A total of 1225 patients, 102 (8.3%) in DA-first group and 1123 (91.7%) in SR-first group, were included. Patients receiving DA-first had less often successful recanalization after first-device alone [30.4 versus 66.4%; odds ratio (OR) = 0.23, 95% confidence interval (CI) = 0.15–0.37], more frequent rescue treatment (62.8 versus 27.0%; OR = 4.55, 95% CI = 2.92–7.08) and ICH (35.4 versus 22.1%; OR = 1.78, 95% CI = 1.12–2.83) than those receiving SR-first; however, no significant difference was found in successful recanalization after all procedures (84.3 versus 90.3%; p = 0.18) and 90-day mRS (median: 3 versus 3 points; p = 0.90) between both groups.

Conclusion:

This real-world registry suggested that DA-first thrombectomy for acute stroke patients lagged behind in China during the study period. Far fewer DA-first than SR-first thrombectomies were performed, and DA-first was associated with lower first-device recanalization, more frequently requiring rescue treatment, and increased ICH risk.
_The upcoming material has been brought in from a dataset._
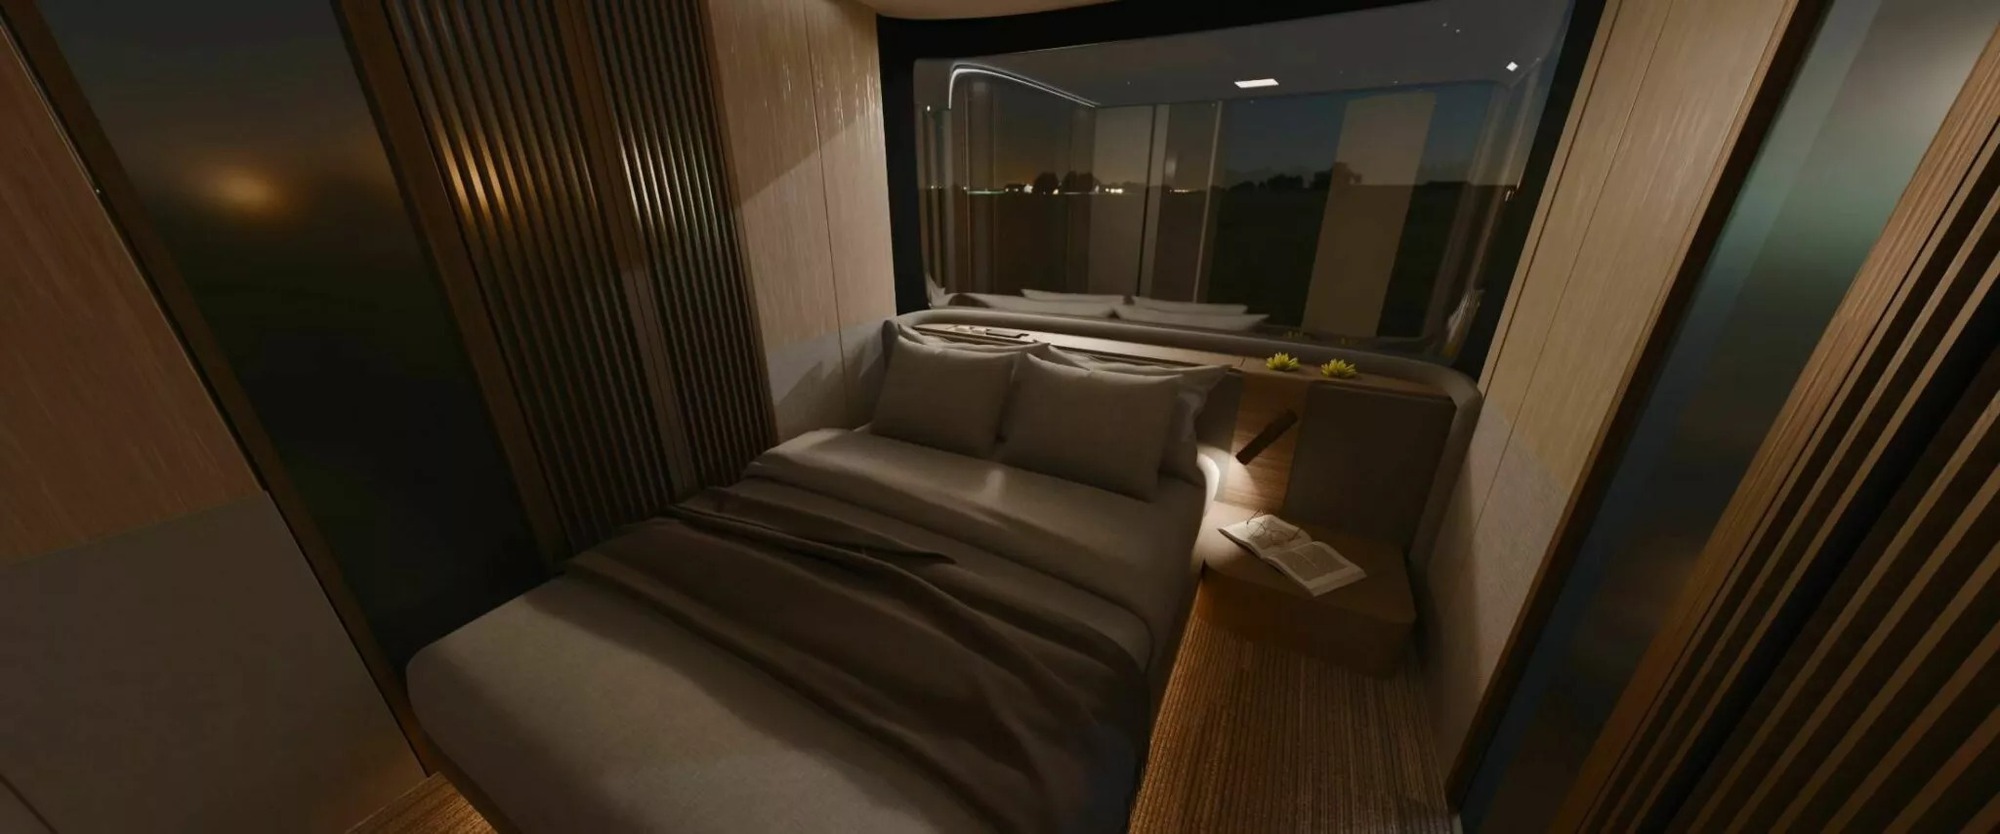 Hãng Ý thiết kế xe cho VinFast hé lộ xe mới có nội thất như chung cư: Đủ các phòng cơ bản với phong cách sang xịn - Ảnh 11.

Clinical Trial Registration:

ClinicalTrials.gov, NCT03370939.

Introduction

In the era of mechanical thrombectomy, there are two main modalities used to treat acute ischemic strokes with large vessel occlusion (LVO): direct aspiration (DA) and stent retriever (SR).¹ The angiographic and clinical outcomes of either DA or SR as first-line thrombectomy have been reported to be similar in two recent randomized clinical trials.^2,3 Thus, DA as first-line thrombectomy is recommended by the 2019 updated guidelines as noninferior to SR first-line thrombectomy for appropriate patients with acute LVO.⁴ DA thrombectomy techniques are being increasingly used in clinical practice in many developed countries,^5–7 and based on some observational data, potential advantages of DA first-line approach might include less injury to the vessel wall, earlier puncture-to-reperfusion and a lower cost compared with SR first-line thrombectomy.^3,5,6,8,9 However, the current status of DA as first-line approach in developing countries such as China are still rarely reported at present.

The current study utilized a prospective, nationwide registry to explore the prevalence and comparative effectiveness of DA-first thrombectomy in a real-world practice setting in China.

Methods

Study population

Data were derived from the ANGEL-ACT registry, a prospective nationwide registry of 1793 consecutive patients with acute LVO undergoing endovascular treatment (EVT) at 111 hospitals from 26 provinces in China between November 2017 and March 2019. Patients who met the following inclusion criteria were enrolled in the registry: (1) age ⩾18 years; (2) diagnosis of acute ischemic stroke caused by imaging-confirmed intracranial LVO, including internal carotid artery, middle cerebral artery (M1/M2), anterior cerebral artery (A1/A2), vertebral artery, basilar artery, and posterior cerebral artery (P1); (3) initiation of any type of EVT, including mechanical thrombectomy, intra-arterial thrombolysis, balloon angioplasty, stenting, and other mechanical fragmentation. The ANGEL-ACT registry aimed to reflect the current status of EVT for patients with acute LVO in real-world clinical practice in China. The protocol was approved by the ethics committees of Beijing Tiantan Hospital and each participating site. Each participant or his/her representative gave written informed consent before being enrolled in the study.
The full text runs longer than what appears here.